2. Daily Backward Walking Practice

Walk backward for five continuous minutes daily, ideally barefoot on grass, sand, or carpet. Focus on soft toes, full weight through your heels, and your belly button pointing towards the lead leg. This practice downregulates the nervous system, decompresses the lower back and pelvis, frees up tension, and improves forward walking efficiency.

3. Animate Spine with Flow Rope

Engage in flow rope exercises, focusing on swinging the rope backward in an underhand figure-of-eight pattern, generating movement from your spine (sacrum out) rather than overusing your hands. This enhances somato-visceral movement, animates the spine, unwinds tension, and improves running symmetry and rhythm.

4. Move Without Joint Stress

If you experience persistent pain (more than 3 out of 10) or pain that worsens during movement, especially running, reconsider the activity. Prioritize learning to move in a way that doesn’t stress your joints, and then strengthen and rehab that pain-free movement, rather than strengthening on top of existing imbalances.

5. Embrace Curiosity and Play

Actively seek out and engage in activities that foster curiosity and a sense of play. A lack of these qualities can indicate a sympathetic (stressed) nervous system state, while cultivating them promotes a healthy, parasympathetic (relaxed) state and neuroplasticity.

6. Resisted Walking for Gait

Practice resisted walking (e.g., pulling a tire) to add resistance to your forward movement. As your knee passes your hip, straighten your leg to engage hip extensors (glute max) and push the earth away. This helps restore tonic-phasic muscle balance, teaches proper hip extension, and improves gait patterns by correcting over-reliance on hamstrings or forefoot running.

7. Hum to Regulate Breathing

Practice humming, especially while engaging with screens or emails. Humming slows your breathing rate, which is beneficial for overall health, and helps counteract ‘screen apnea’ where people unconsciously hold their breath, leading to a tight diaphragm and sympathetic nervous system overdrive.

8. Eye Exercises for Posture

Perform eye exercises to improve flexibility and reduce tension related to screen use. This includes ‘pencil push-ups’ (focusing on a finger moving close and far) and then looking up with a panoramic, relaxed gaze. This practice can improve overall body flexibility and reduce tension in postural muscles, including the neck.

9. Consistent Simple Strength

Adopt a simple, effective strength routine and consistently adhere to it over decades, rather than constantly seeking complex or varied exercises. This approach emphasizes long-term sustainability and effectiveness over chasing new trends or excessive hypertrophy.

10. Separate Worth from Performance

Avoid judging your self-worth or personality based on performance metrics like running times. Over-focus on comparison and personal bests can ruin the enjoyment of movement and lead to unnecessary mental stress, rather than fostering a healthy, intrinsic relationship with physical activity.

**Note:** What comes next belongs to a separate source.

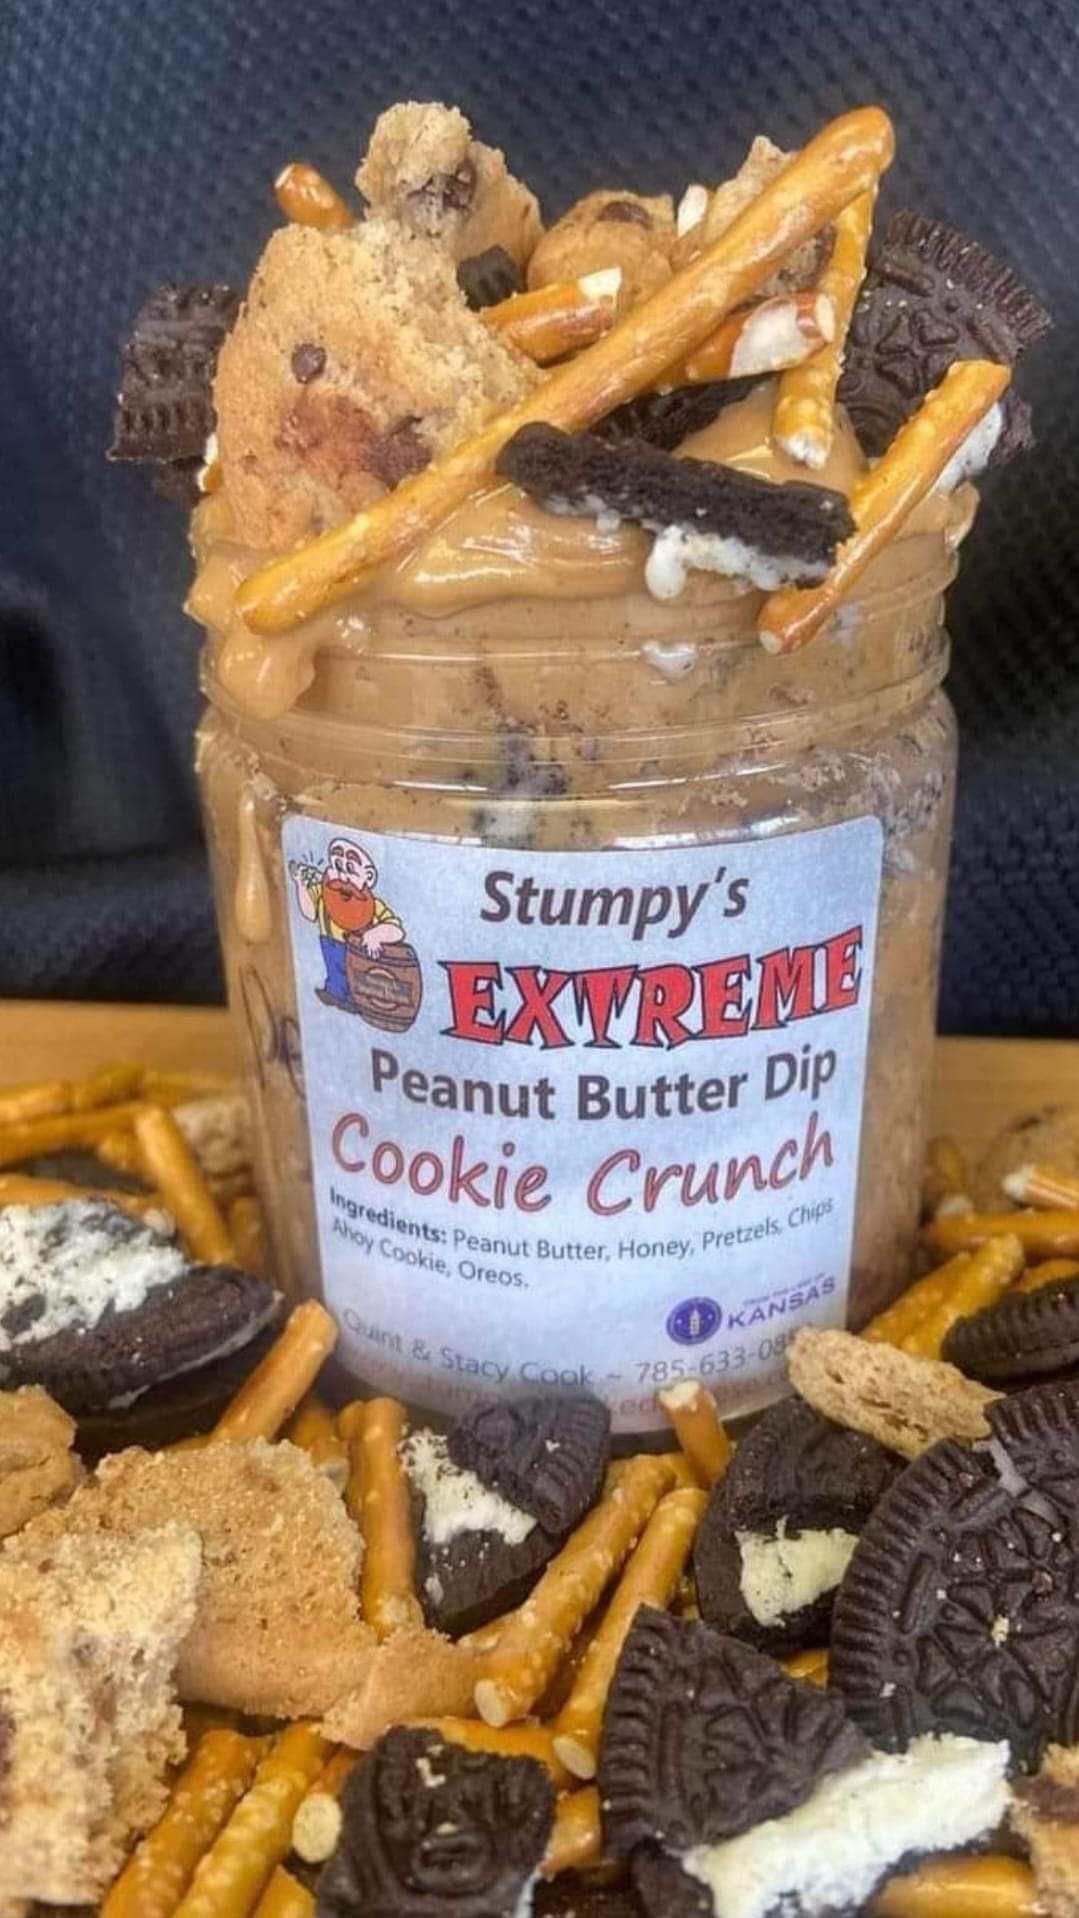 Product Image of Cookie Crunch Extreme Peanut Butter Dip (8oz)

11. Invest in Future Health

View current efforts in movement and health as an investment in your future self’s quality of life. Prioritize building a foundation of good movement and well-being now to ensure a higher quality of life in later years, rather than solely focusing on longevity.

12. Start Small, Seek Progress

When beginning a new movement practice or habit, start with one small, manageable thing and don’t be paralyzed by the pursuit of perfection. Progress is more important than immediate mastery, and consistent small steps will lead to significant long-term changes.

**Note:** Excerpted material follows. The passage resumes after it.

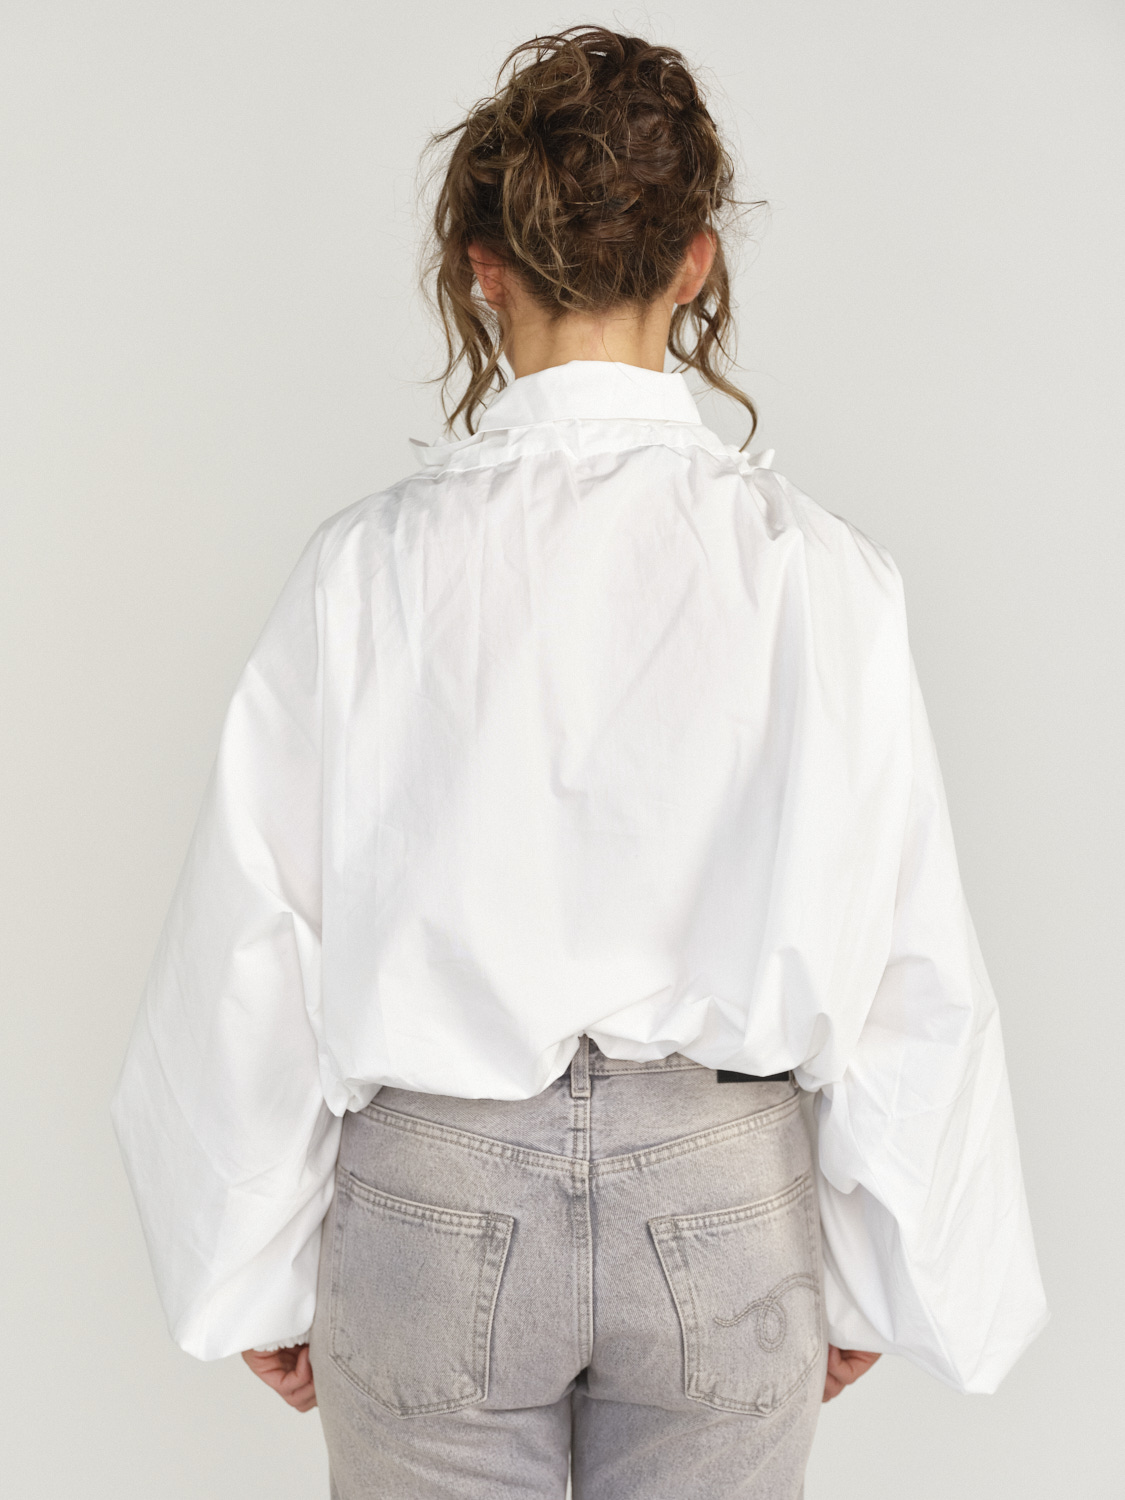 Patou Gros Grain - Oversized blouse with ruffle collar white S/M

13. Technique Over Discomfort

During physical discomfort (not pain), shift your focus from the unpleasant sensation to the correctness of your technique, visualizations, or positive mantras. This approach, exemplified in breathing practices, can help manage discomfort and improve performance without increasing suffering.

14. Community for Sustained Movement

For sustained and far-reaching progress in movement and life, engage with a supportive community rather than pursuing goals in isolation. The culture of a community can act as a powerful, soft coach, naturally improving individual patterns and providing accountability and camaraderie.